First, the primary benefit that libertarian promoters of Bitcoins offer in justification of their theory that Bitcoins will become an alternative currency is this one: Bitcoins offer privacy. Paper money today offers a much greater degree of privacy that Bitcoins do, plus a whole series of other major advantages that Bitcoins do not offer.
– Except for that fact about governments and banks knowing who you are by the card you use to withdrawal your money.

Second, money is the most marketable asset. Paper money is vastly more marketable than Bitcoins.
– Yes, because of government force, not because of any inherent inferiority of Bitcoin.

Third, gold-based and silver-based digital currencies are more likely to become future world digital currency than Bitcoins.
– Yes, mostly because that’s what the international banksters want, for a time.

He has a virtually unlimited number of establishments from whom he can make the purchases.
– Not “unlimited” locally. If by the Internet, Bitcoin can also be widely accepted in time.

Almost nobody knows how to buy Bitcoins.
– More people know how to buy gold, but gold dealers like Bob Chapman estimated that only 1% of Americans even own any gold, let alone have bought any recently.

He has no idea which ones are reliable. He risks getting into a Bitcoins-related Web business like Silk Road, which the government shut down.
– Or with gold, the Ron Paul Liberty Dollar, so there’s nothing special about Bitcoin in that regard.

In other words, there is a huge learning curve involved in gaining access to this privacy money.
– There were a lot of people who didn’t know how to use ATMs at first, but once the banks started pushing them, it lowered the cost of learning to use them.

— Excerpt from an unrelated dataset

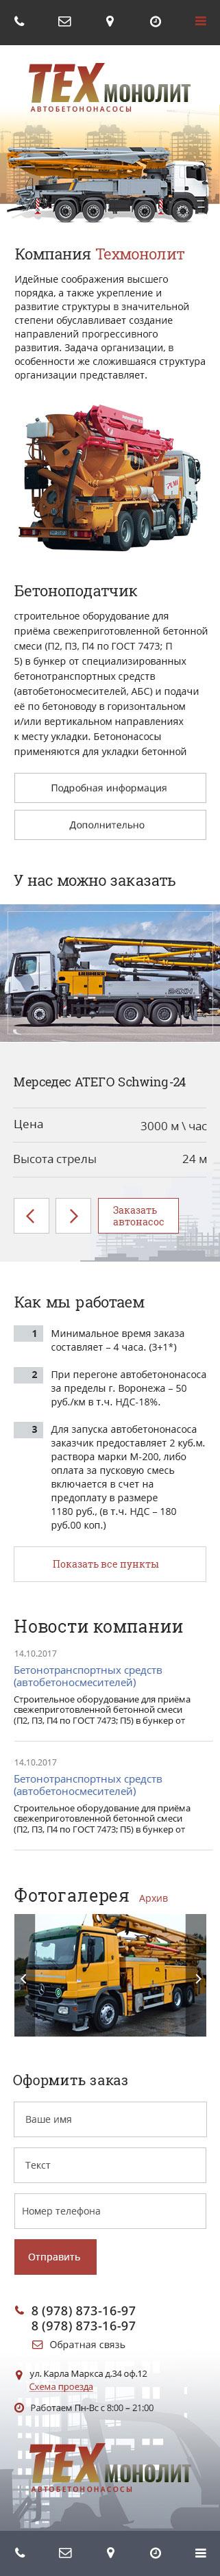 b2b сайты примеры Техмонолит 320 px
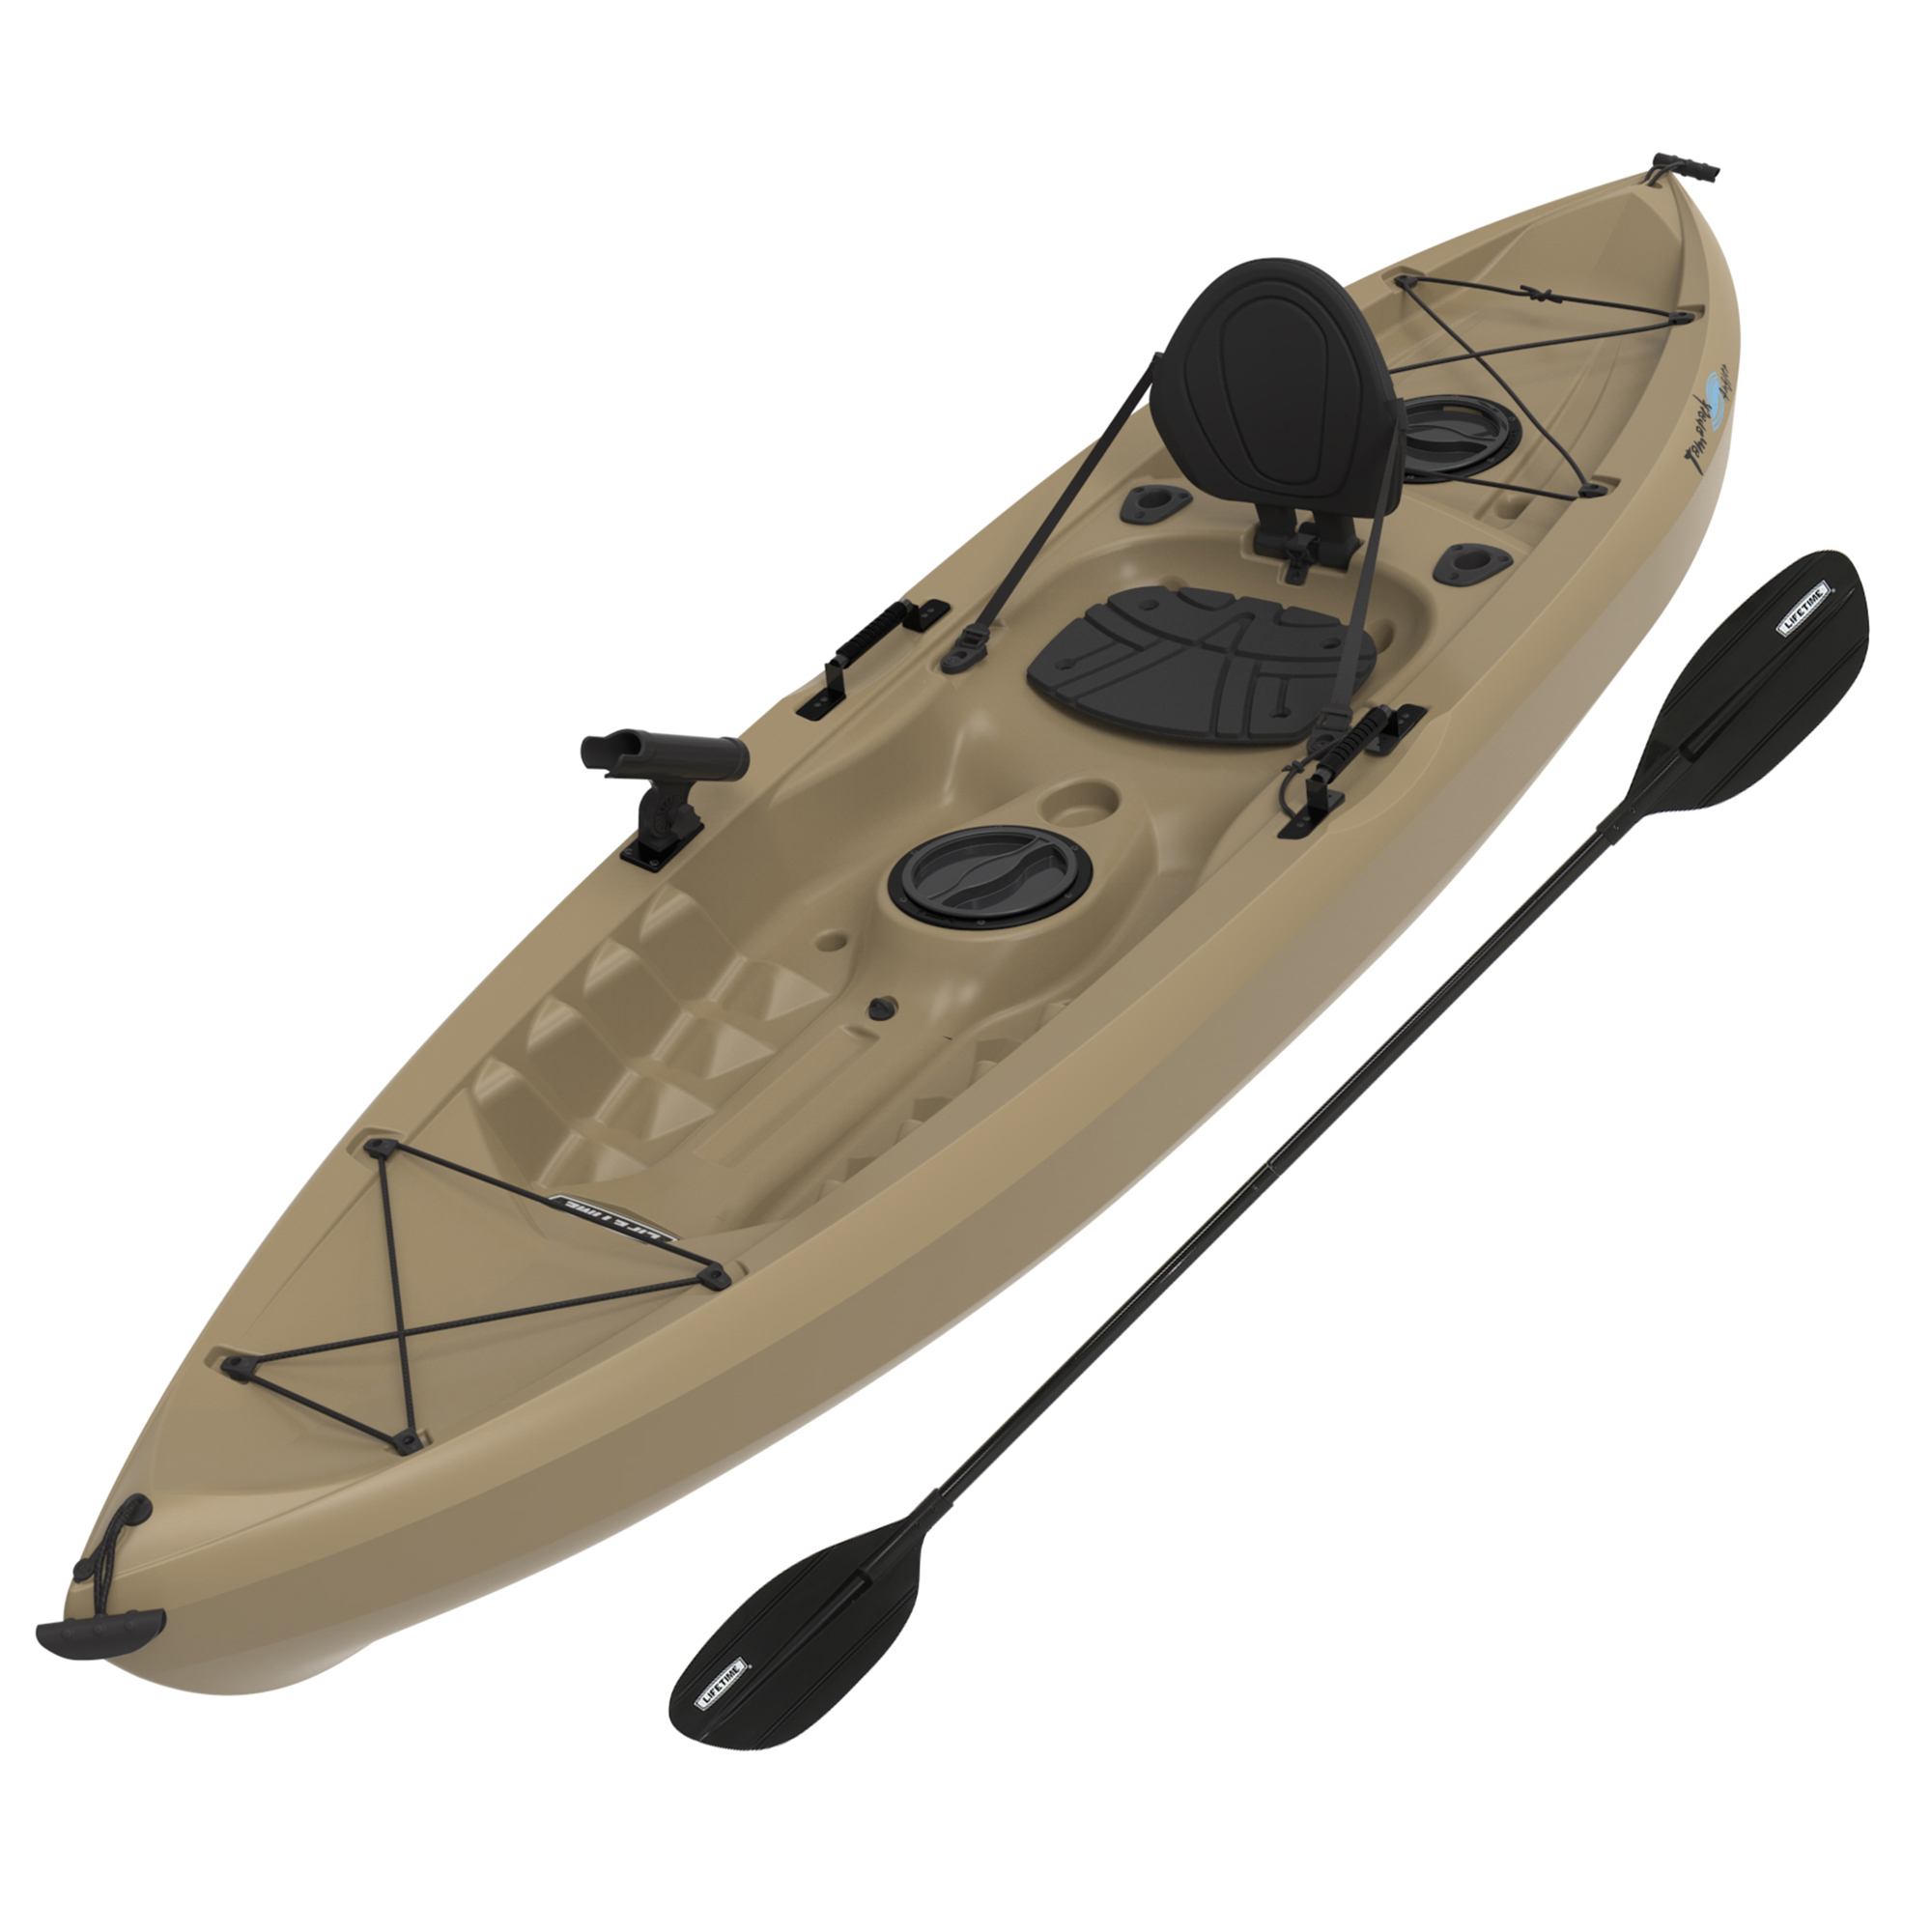 Lifetime Tamarack Angler 100 Fishing Kayak (Paddle Included) by Lifetime Products

Conclusion. Here is a fundamental economic rule: as the price of anything increases, less is demanded.
– Only true if the supply is fixed or goes down, but there is still the concept of price inelasticity, where demand doesn’t drop as much, despite a big increase in price.

Therefore, anyone who promotes Bitcoins is a viable alternative to greenbacks is ignoring the following: (1) the low information costs of gaining access to greenbacks;
– A big reason is because of government force, which he is supposedly against.

(2) the complete lack of interest on the part of the government or the bank in withdrawals of a few hundred dollars at the time;
– With real price inflation in the past few years in the double digits, you’ll increasingly need more than a few hundred dollars for meaningful purchases, and cash is being increasingly phased out.

(3) a market for this currency that is essentially the same as the market for digital currency;
How? Digital dollars account for over 95% of the money supply. They are far more in demand than paper dollars, just by the numbers.

“(4) the possibility of negotiating discounts for purchases with this currency.”
– Mostly to avoid government taxes, and not because it’s more efficient.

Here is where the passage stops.